Romansa Bandung

Kamar Kost Chapter V Cermin (Nyerimin)

“Baru dua jam aku bermimpi jalan-jalan ke kebun bunga. Tiba-tiba aku di kagetkan kembali dengan suara ribut-ribut di sebelah.”

RomansaBandung.com – Tak ada hentinya ketika tengah malam sebelah kamar kost ku selalu saja ribut.

Aku yang baru dua hari ini pindahan seakan mulai merasa tidak betah tinggal di sini.

Ada bekas lubang sebesar jari kelingking di dinding kamar ku.

Sepertinya bekas penghuni lama yang telah mengebor tembok nya terlalu dalam untuk memasang televisi digital.

Namun, segera ku tutupi dengan lakban hitam agar tak ada yang mengintip kedalam rumah.

Anehnya, setiap pagi berangkat kerja kamar sebelah ku bak tak berpenghuni sama sekali.

Jendela yang hanya satu-satunya menjadi ventilasi udara tertutup rapat dan tak ada satupun sandal atau sepatu di depan pintunya.

Di lantai atas hanya ada 5 kamar.

Tiga kamar kosong karena sedang di renovasi.

Lantai bawah terisi 4 kamar.

Tak ada satupun dari mereka yang menjemur pakaian ke lantai atas.

Semua jemuran biasa tergantung pada seutas tali panjang di tembok depan kost mereka masing-masing.

Padahal sinar mentari yang masuk kurang maksimal di sana.

Berawal dari sini aku mulai sedikit heran dengan para tetangga ku ini.

Sedangkan di lantai atas sudah tersedia jemuran yang cukup leluasa untuk semua penghuni di sini.

Aku mulai iseng bertanya kepada salah satu tetangga kost kenapa tidak di jemur di atas.

Ia hanya menjawab singkat  bahwa maunya di sini saja.

Mereka seperti menyimpan sesuatu yang sedang di sembunyikan pikirku.

Jam sepuluh malam aku baru sampai ke kost-an.

Rehat sejenak kemudian menuju tempat tidur.

Sebelum masuk ke kamar , ku lihat sejenak lampu kamar sebelah telah gelap.

Mungkin mereka semua telah tertidur lelap pikirku.

Baru dua jam aku bermimpi jalan-jalan ke kebun bunga.

Tiba-tiba aku di kagetkan kembali dengan suara ribut-ribut di sebelah.

Mereka seperti bertengkar memperebutkan sesuatu.

Ini malam ketiga aku berada di sini dan aku mulai kesal dengan mereka.
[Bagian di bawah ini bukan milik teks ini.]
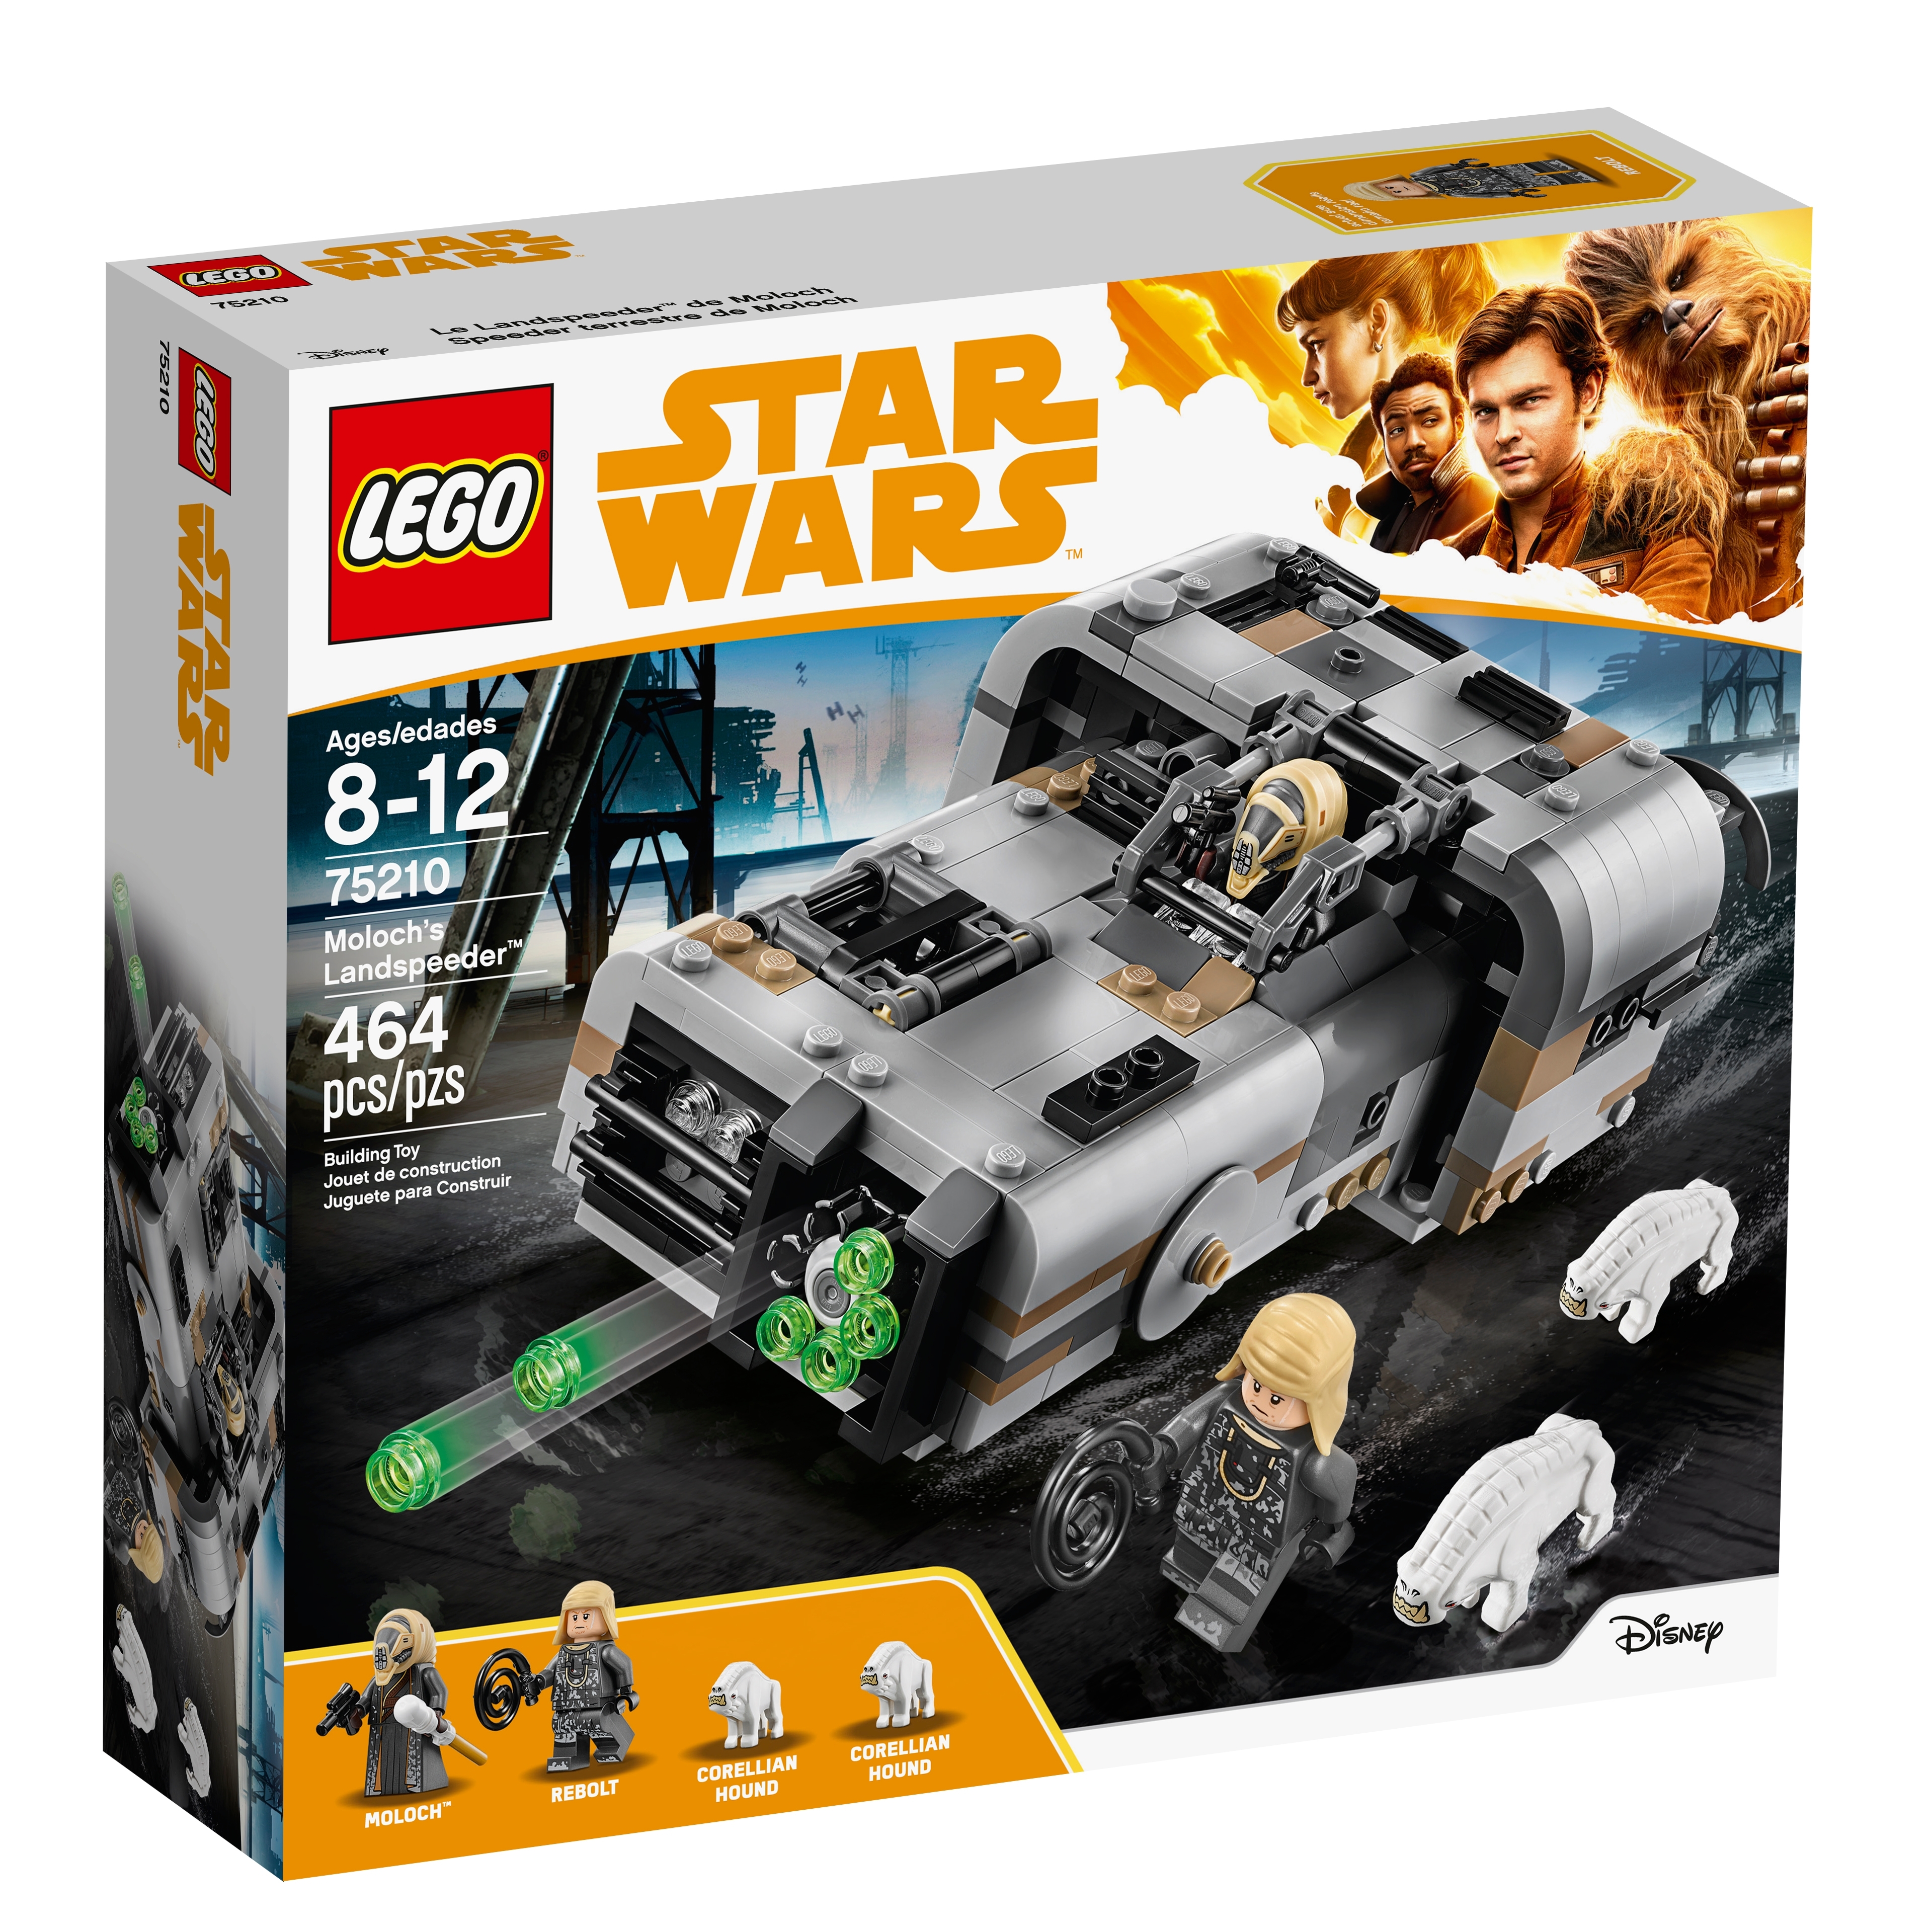 Rebolt - New from set 75210 sw0918 Lego Star Wars Minifigure

Aku pun bangun dan membuka lakban hitam yang cukup kuat itu.

Ku picingkan mataku ke kanan dan ke kiri.

Namun, suara-suara itu seakan lenyap begitu saja.

Sekali lagi aku ingin memastikan nya dan ku arahkan mataku ke pojok ruangan.

Di sana ada dua orang anak-anak pelontos yang memakai celana dalam berwarna putih dengan muka pucat dan bermata merah melotot kepadaku dengan ekspresi diam tak bersuara.

Lalu, satu dari mereka seakan hendak menghampiri ku dengan berjalan tanpa menapakkan kaki di lantai.

Aku pun segera menutup lakban dan menjinjing koper baju ku. Malam itu juga aku pergi dari kost-an ini.